Связанный с именем Герлаха разговор, который произошел у меня с принцем в 1853 г. в Остенде89, где я несколько сблизился с принцем, запомнился мне потому, что меня поразила неосведомленность принца о наших государственных учреждениях и о политической ситуации.
Однажды он с некоторым возбуждением говорил о генерале фон Герлахе, который ввиду отсутствия взаимного согласия и, по-видимому, недовольный, оставил пост адъютанта. Принц назвал его пиетистом.
Я. Что понимает ваше высочество под словом пиетист?
Он. Человека, который лицемерит в религии, чтобы сделать карьеру.

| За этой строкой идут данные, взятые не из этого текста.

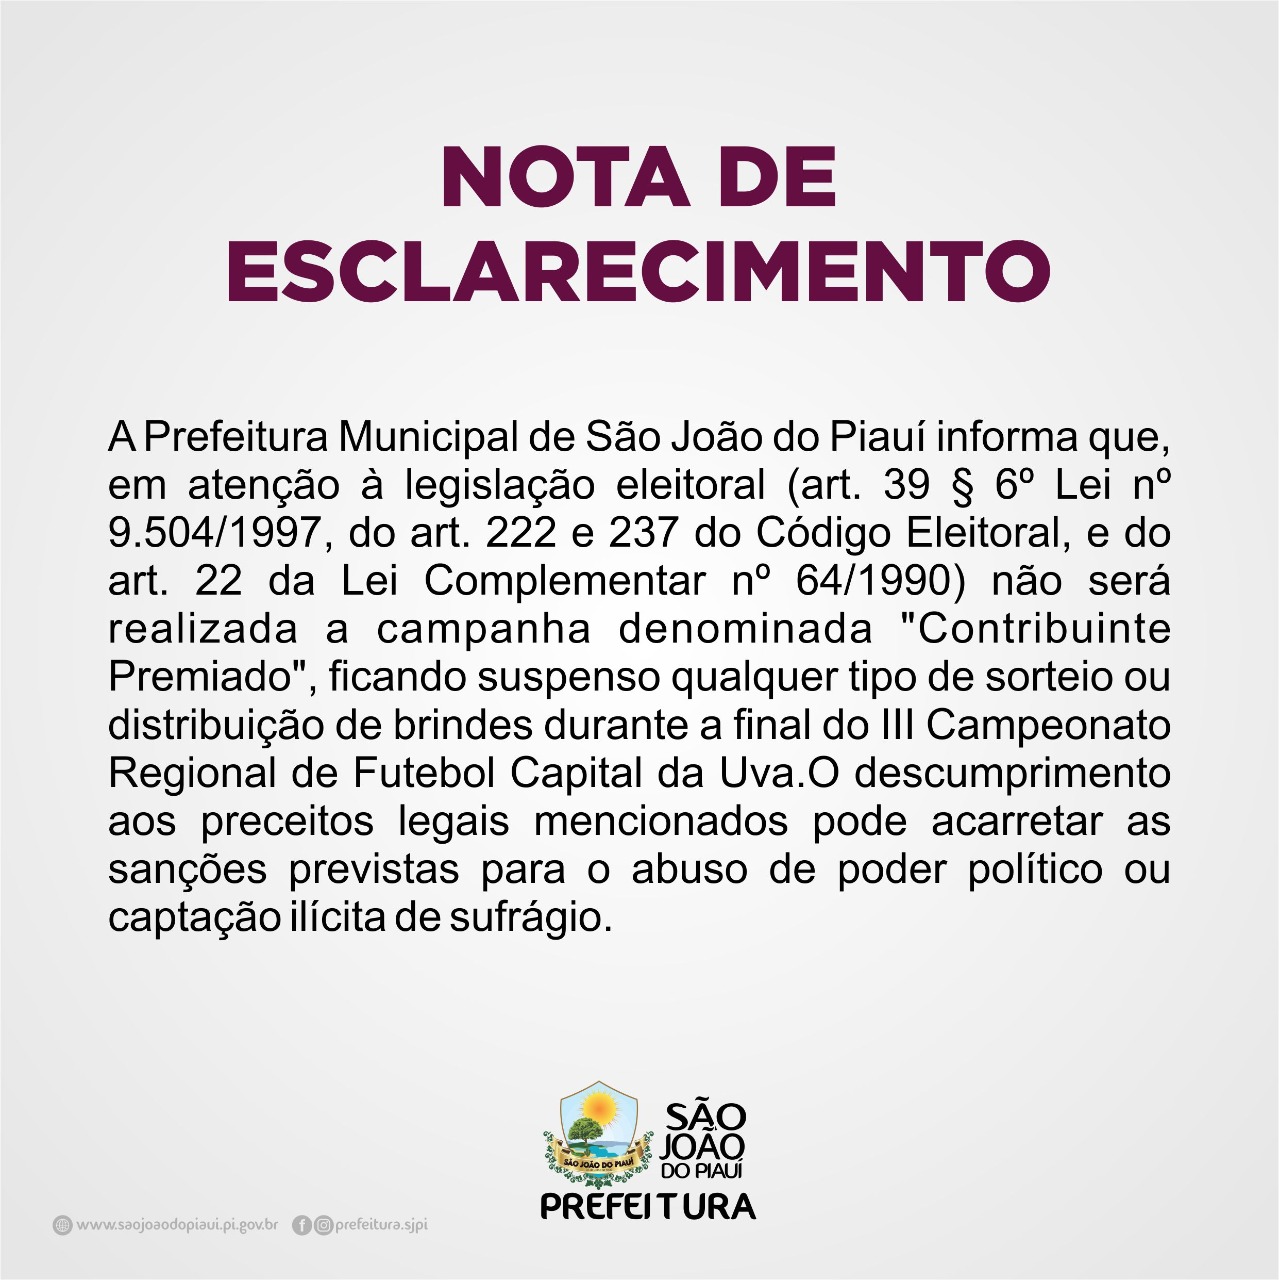 https://siteantigo.saojoaodopiaui.pi.gov.br/detalhe_noticia/visualizar/3c53bd1e332e1f2a5a216b833786a2a29ae

Я. Герлах далек от таких мыслей; чем он может стать? Теперь под пиетистом понимается нечто совсем иное, а именно: человек, ортодоксально верящий в христианское откровение и не делающий из своей веры тайны; многие из числа этих ортодоксов ничего общего не имеют с государством и о карьере не помышляют.
Он. Что вы понимаете под ортодоксом?
Я. Примерно, человека, который серьезно верит в то, что Иисус — сын бога и умер за нас как жертва, во искупление наших грехов. В данный момент я не могу определить это точнее, но это самое существенное в различии веры.
Он (вспыхнув). Неужели есть люди, настолько позабытые богом, что не верят в это!
Я. Если бы ваше высочество публично произнесли такую фразу, то и вас причислили бы к пиетистам.
Затем разговор перешел на обсуждавшееся тогда положение об округах и общинах. Принц сказал по этому поводу, примерно, следующее:
Он не враг дворянства, но не может согласиться с тем, «чтобы дворяне жестоко обращались с крестьянами».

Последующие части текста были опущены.